Airbnb recruiting competition which was held in Kaggle about 4years ago looks suitable to me since many participants have shared their works using XGBoost, and the goal of this contest is interesting. Airbnb asked to predict new users’ first destination with the users’ demographic, summary statistics, and their web session records.
Simply I focused on using and learning the XGBoost framework at first, but my attention has been extended to analyze users’ data and adopt funnel analysis(AARRR) on it.
So I will talk about Explatory data anlaysis includes AARRR, and a predicting model below.
2. Data Analysis
Airbnb provides two types of datasets. Users’ information and their web session data. Information data includes the date of the account created, date of the first booking, and name of destination country if they have a history, demographic info, signup info, and marketing channel info. This dataset is split to train and test sets. I have to predict users’ first destination country in the test set.

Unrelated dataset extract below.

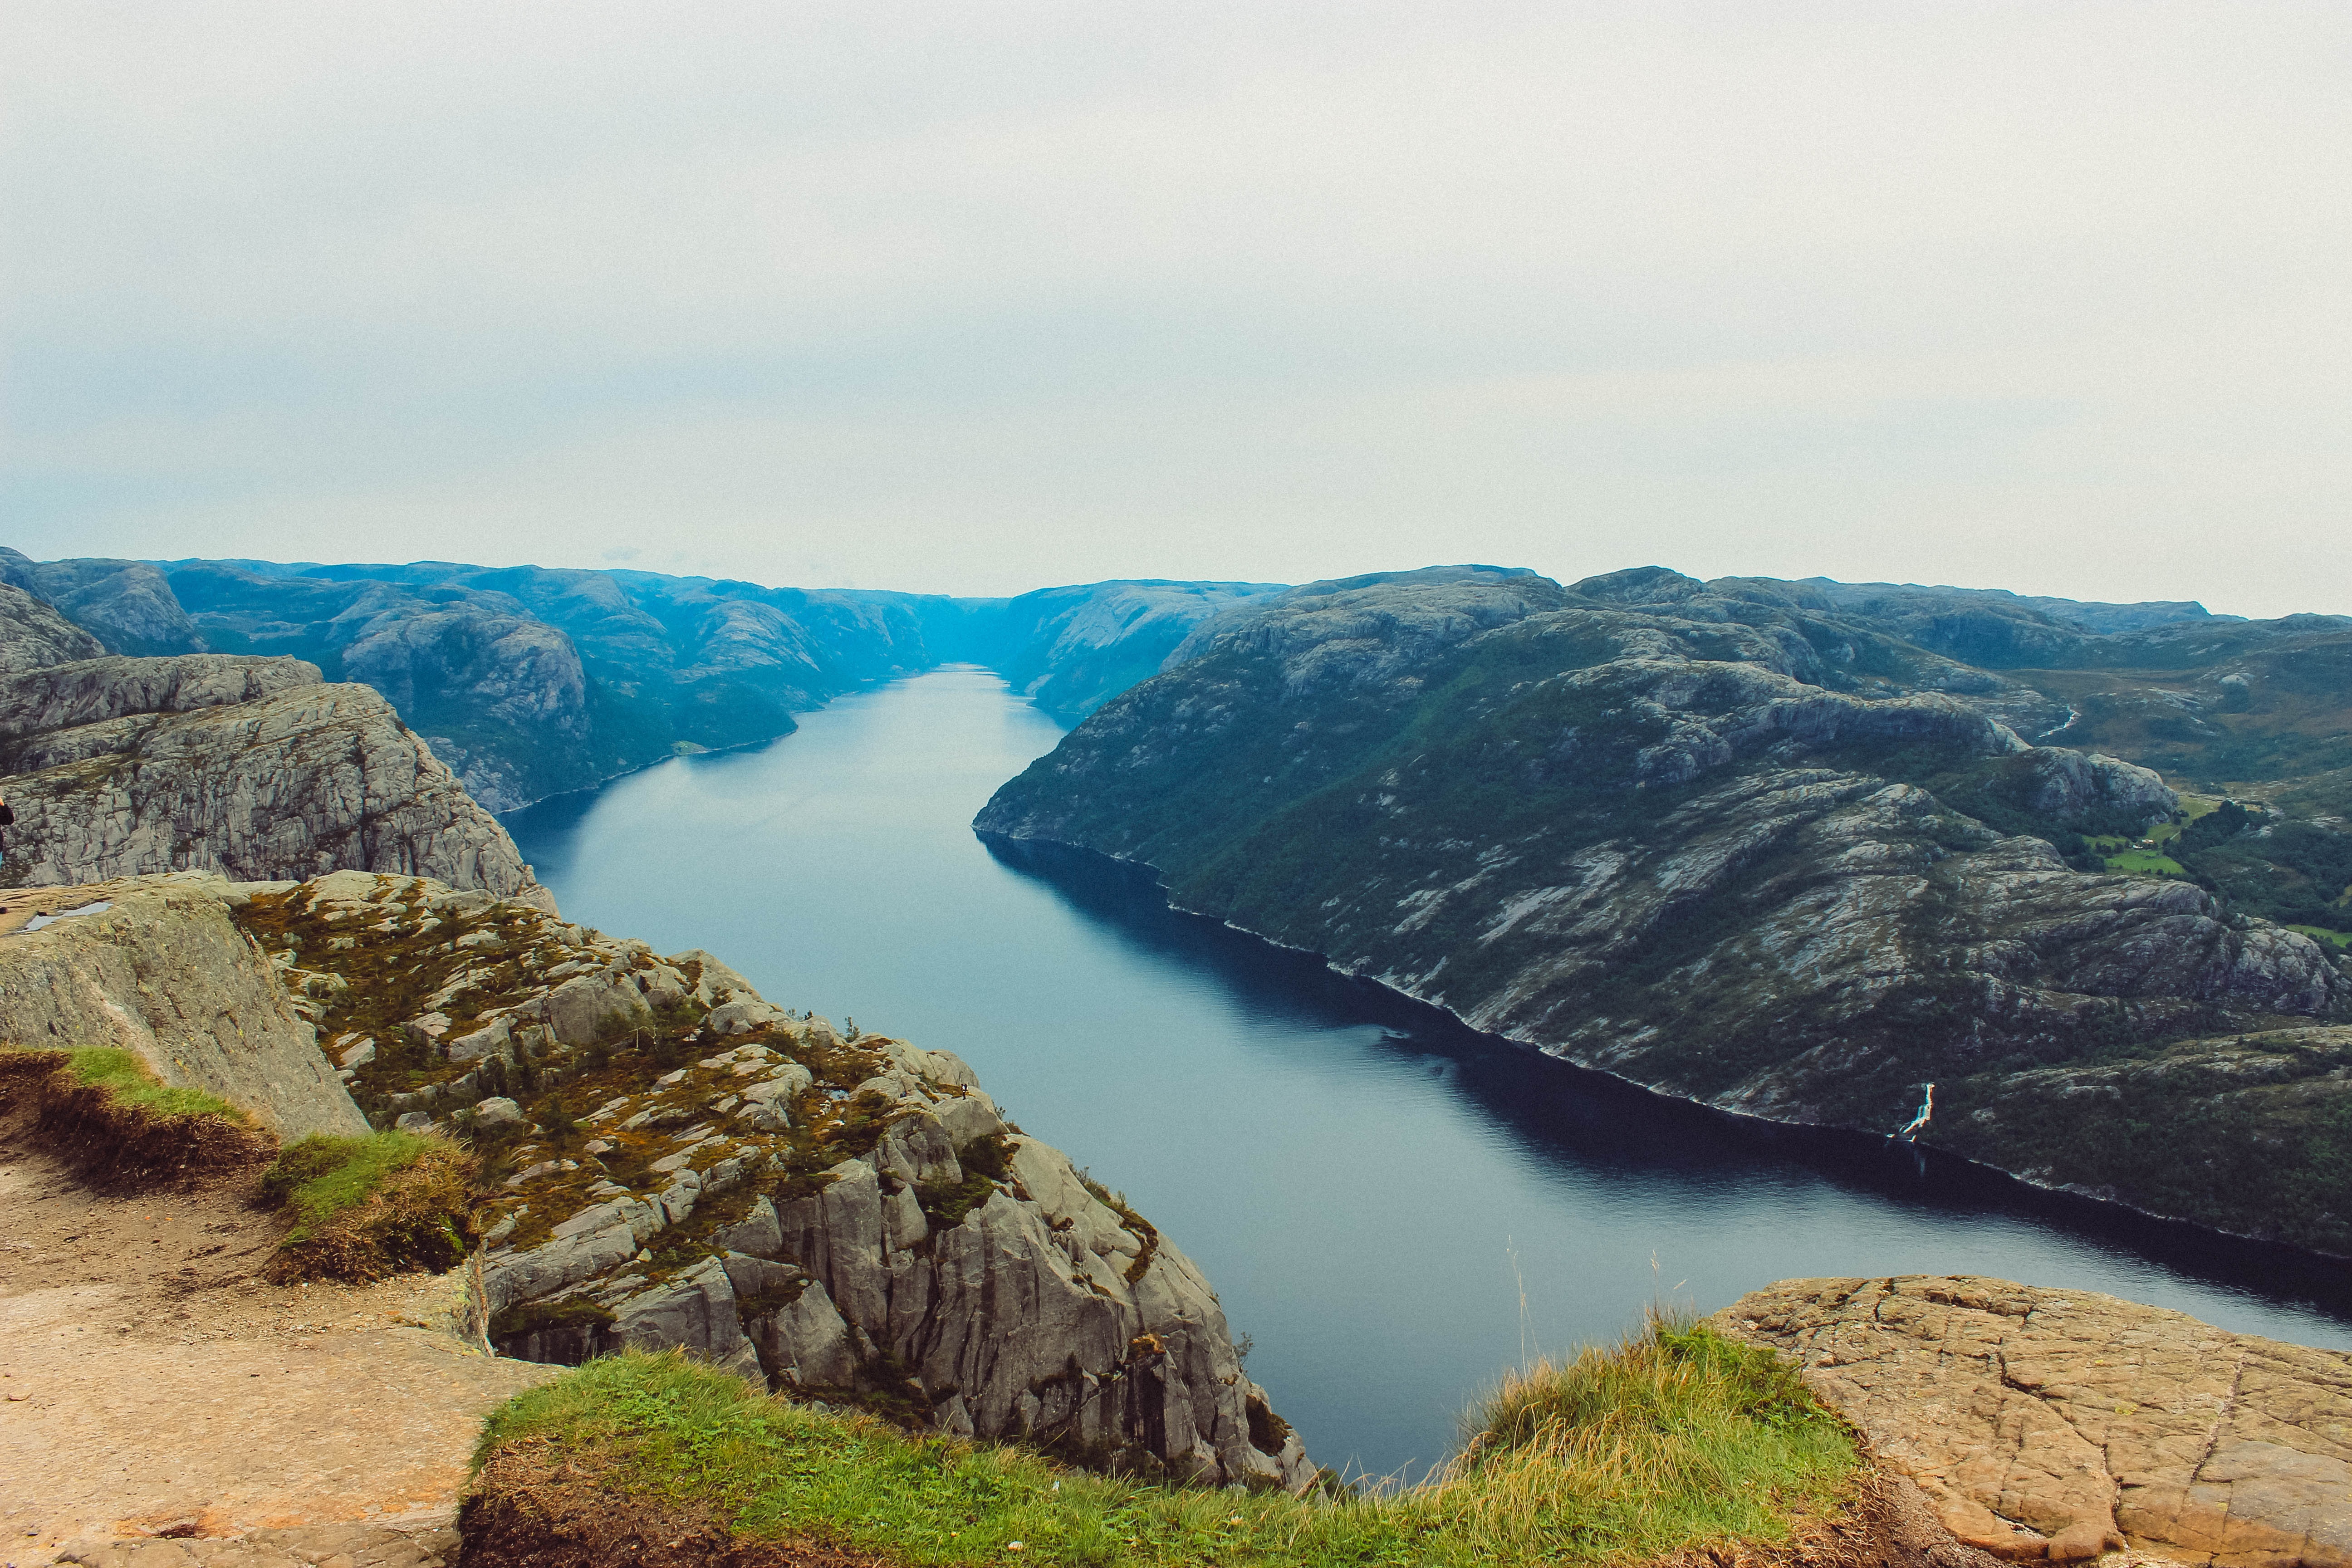 Preikestolen/The Pulpit Rock, Trekking Places In Norway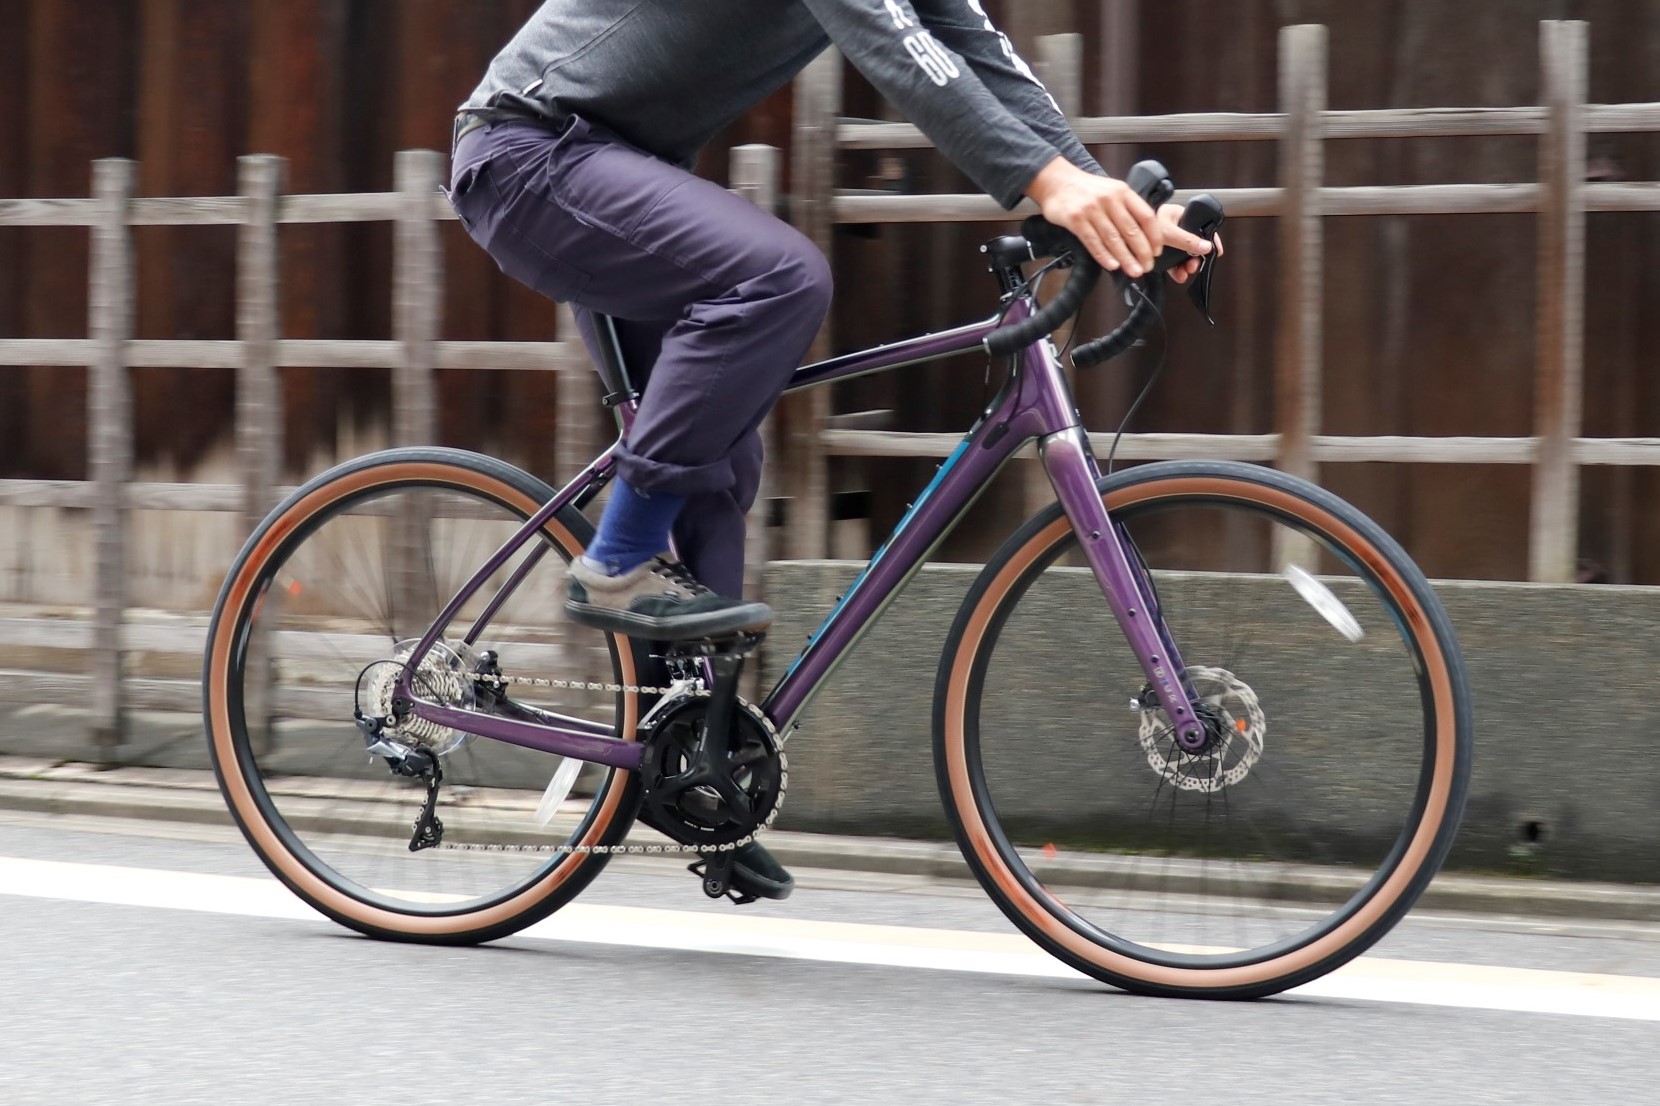 Blog どう考えてもオススメしたい ロードバイク Mtb グラベルへ フルカーボンを採用した究極のファストツーリングバイク Kona コナ 19モデル Libre リブレ がセールになっております 京都のスポーツ自転車専門 エイリン丸太町店

Session data includes user ids, action, action types and detail, and secs elapsed. Airbnb does not give detailed information on it, so I assumed the meaning of unclear info such as secs elapsed that I considered it as a time elapsed after the last session.
I concentrated on building time-series graphs because of every row in both datasets hold time information and it provides meaningful information of users action while they were staying at the service.
1. Pre-processing
While the tracing system of the service was able to record robust information for most columns, lack of demographic data like age and gender happened since it requires the participation of the users. The age column is tricky here.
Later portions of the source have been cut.